→ **WORK TASK**
Exact copy, pictures excluded: write out every line below.
[INFORMATION PROVIDED Boundary: Start]
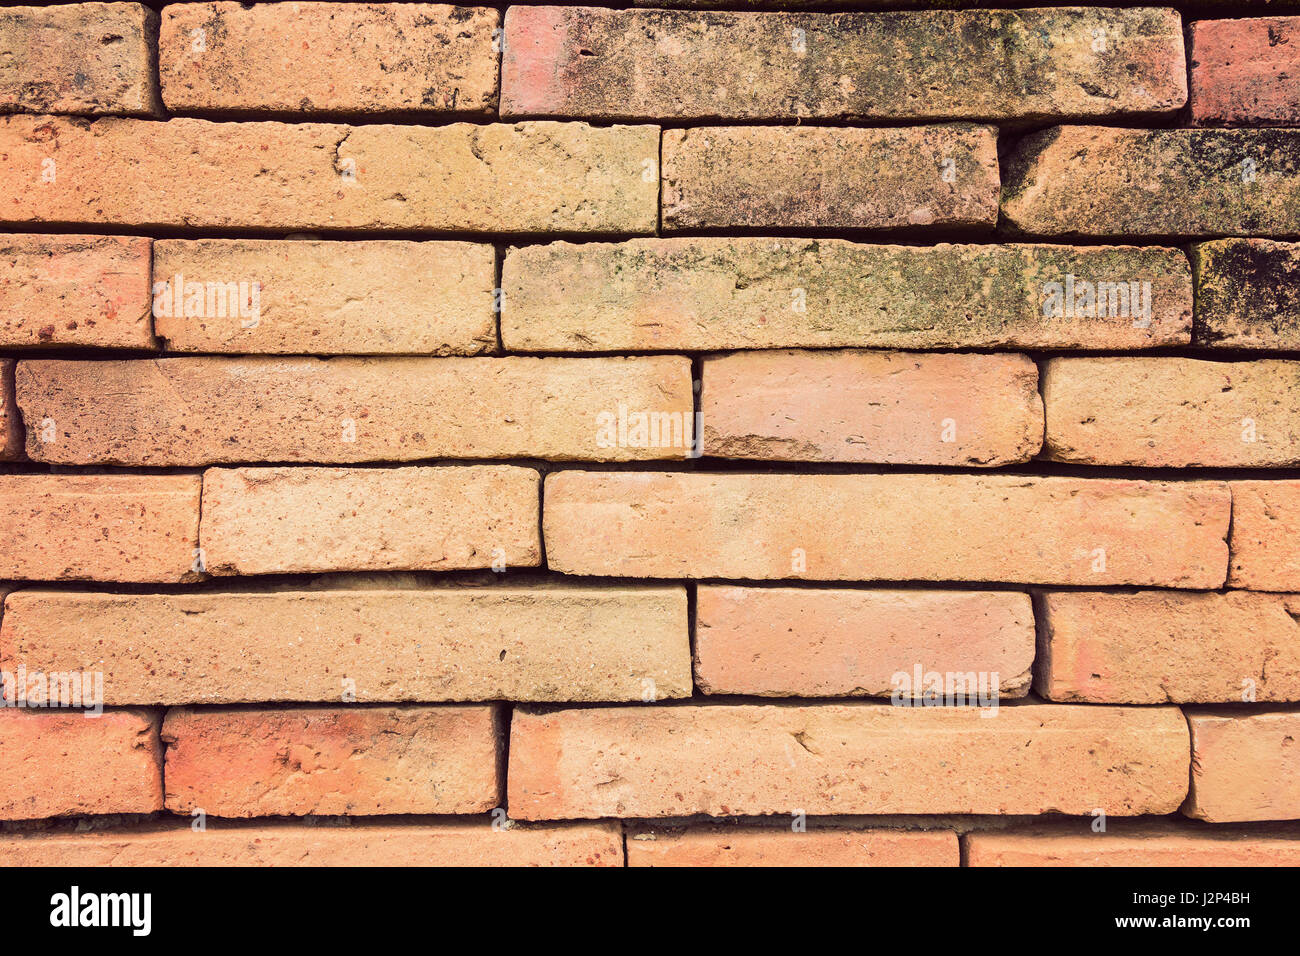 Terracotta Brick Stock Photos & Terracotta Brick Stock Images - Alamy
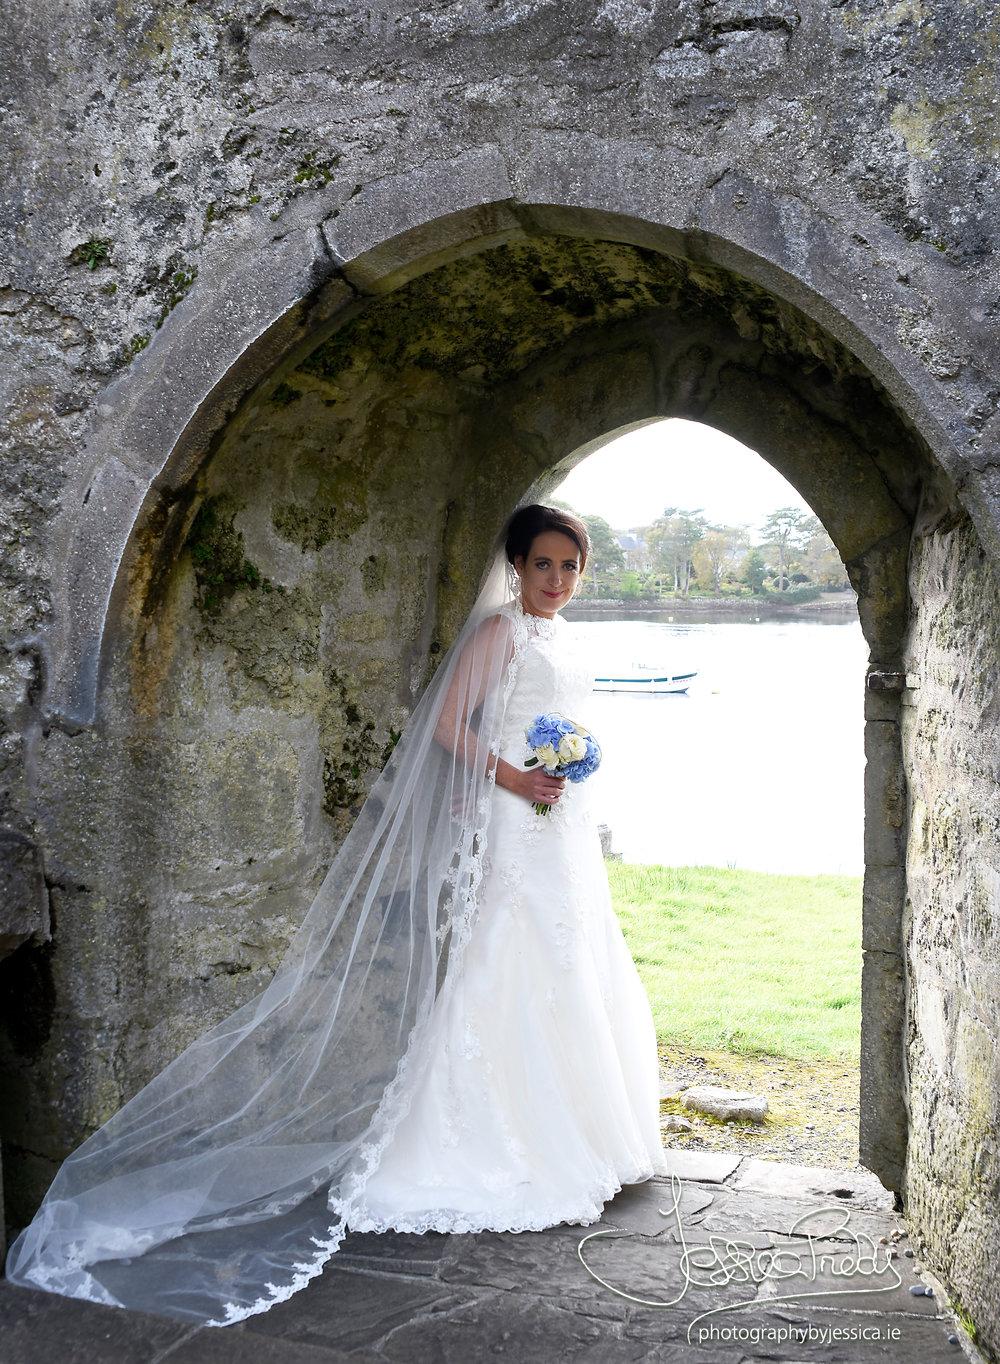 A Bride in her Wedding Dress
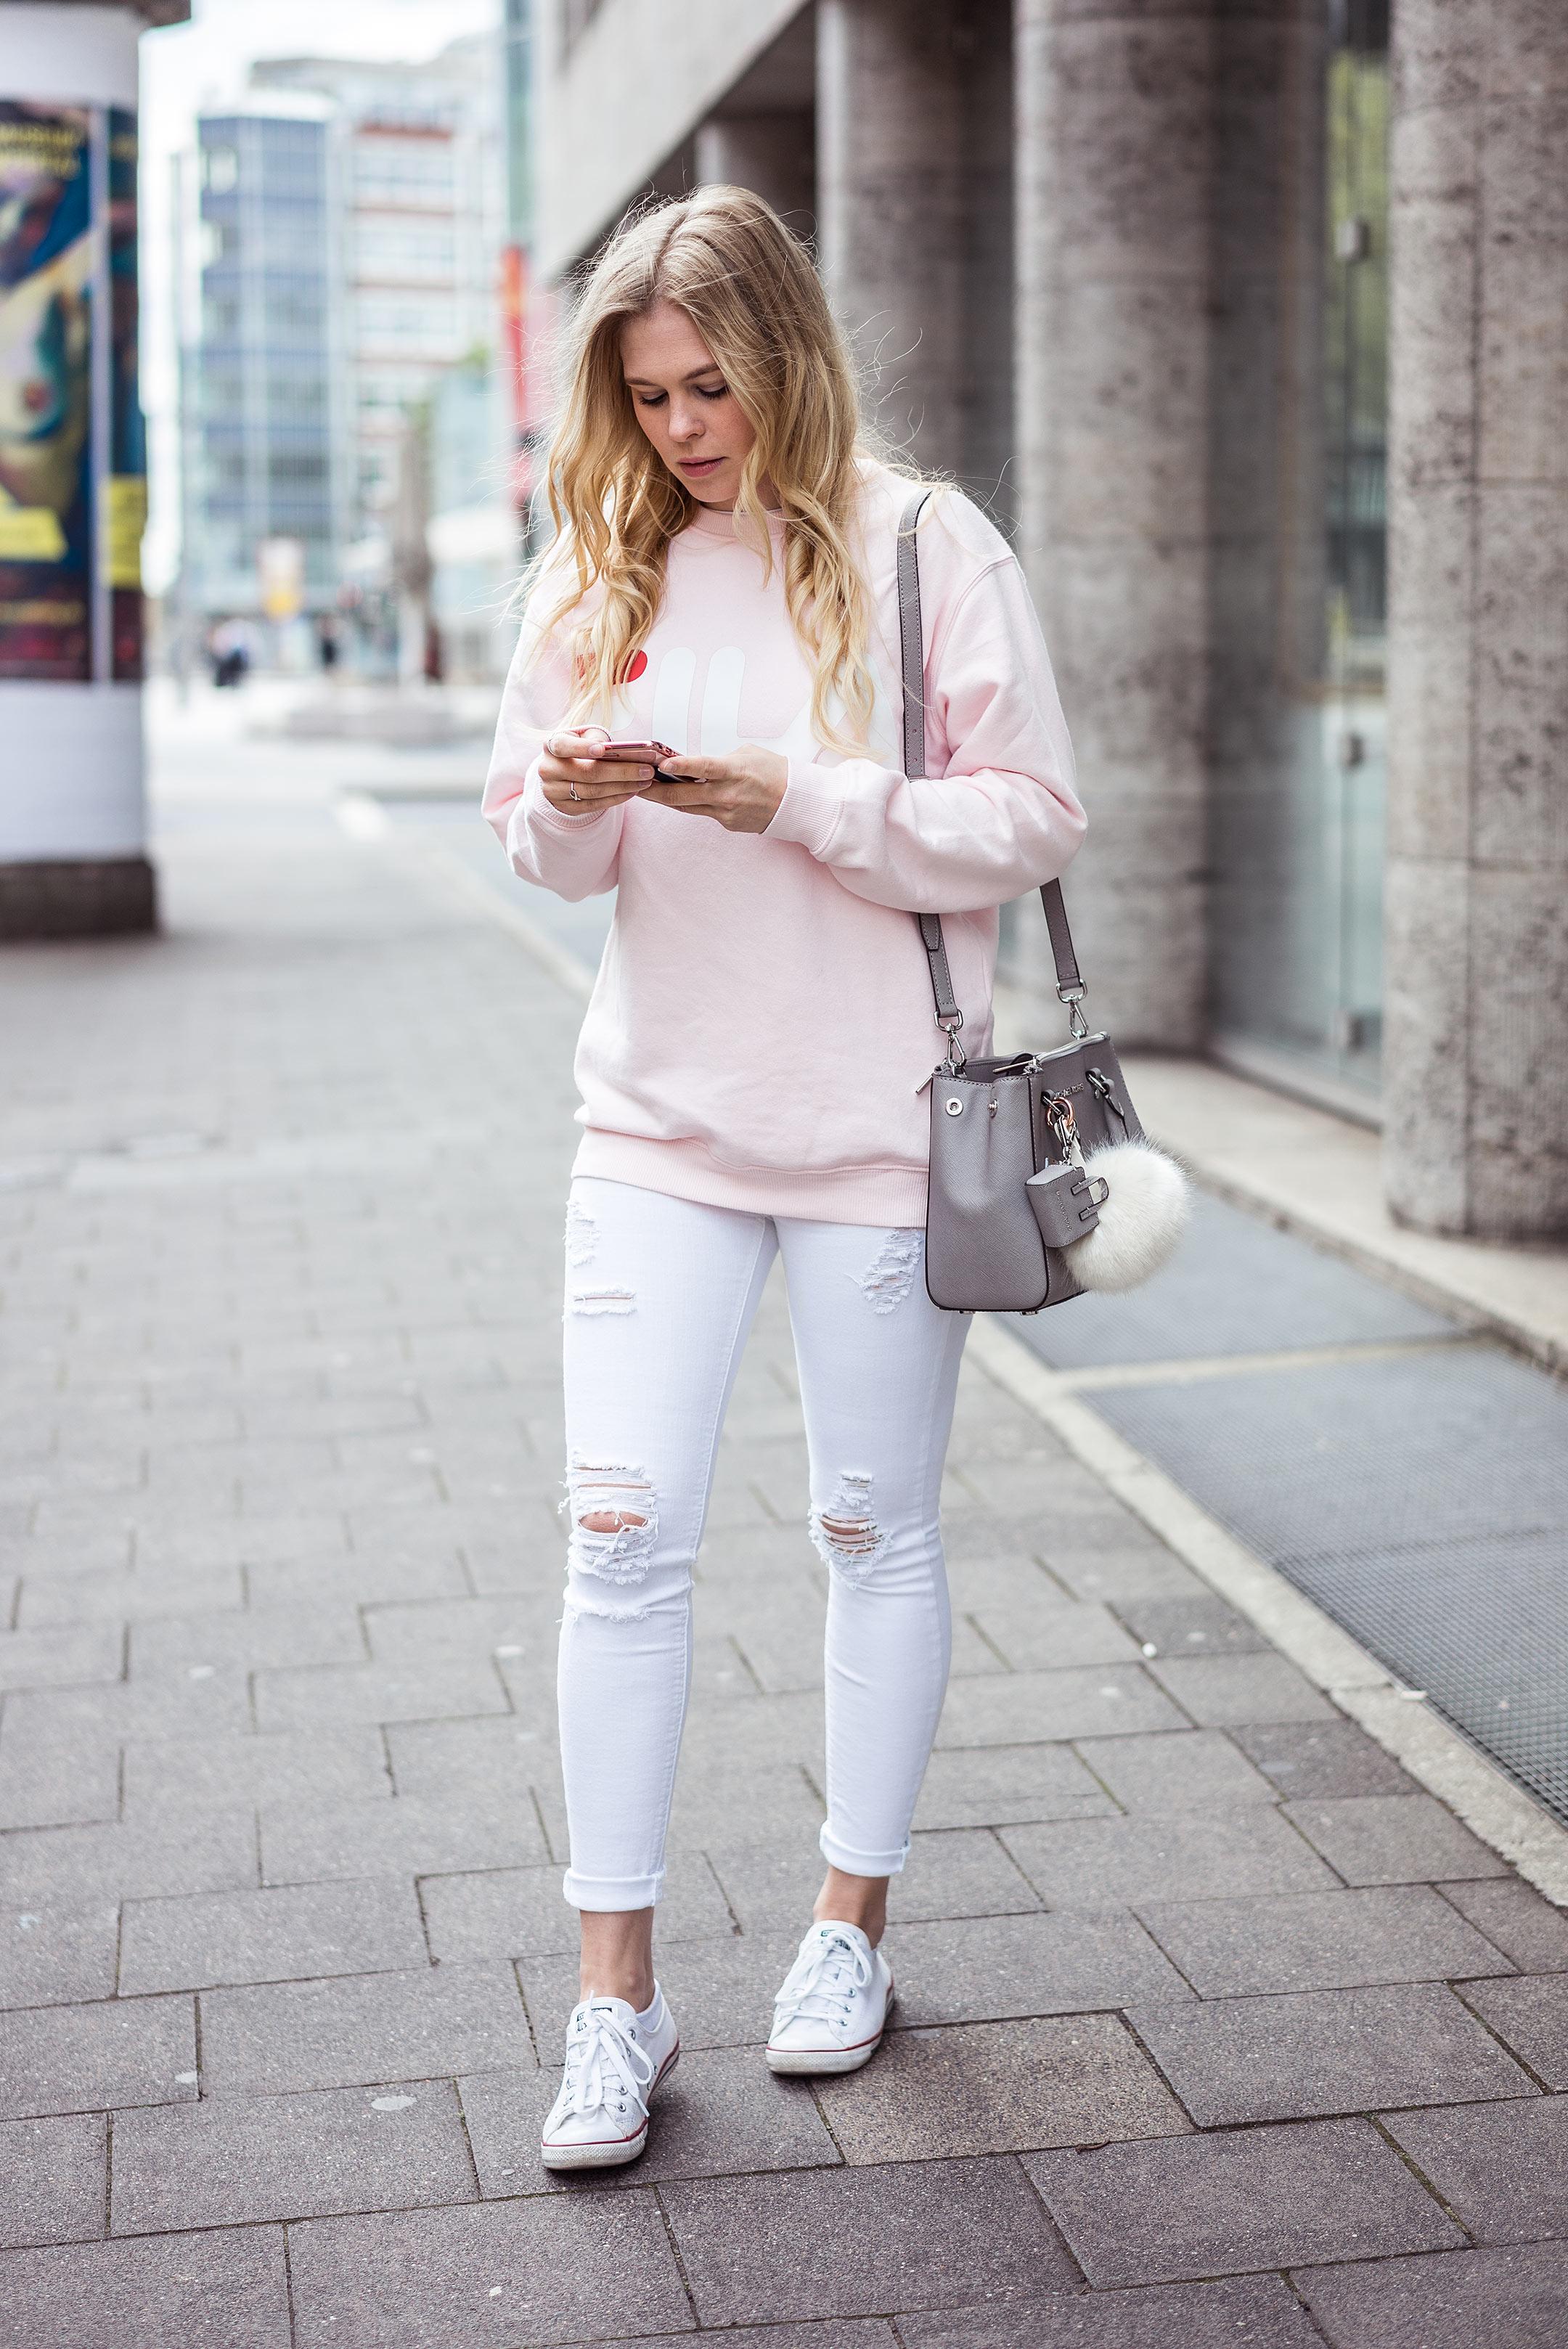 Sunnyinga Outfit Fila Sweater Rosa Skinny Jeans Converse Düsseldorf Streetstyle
[INFORMATION PROVIDED Boundary: End]
→ **YOUR RESPONSE**
 Terracotta Brick Stock Photos & Terracotta Brick Stock Images - Alamy
 A Bride in her Wedding Dress
 Sunnyinga Outfit Fila Sweater Rosa Skinny Jeans Converse Düsseldorf Streetstyle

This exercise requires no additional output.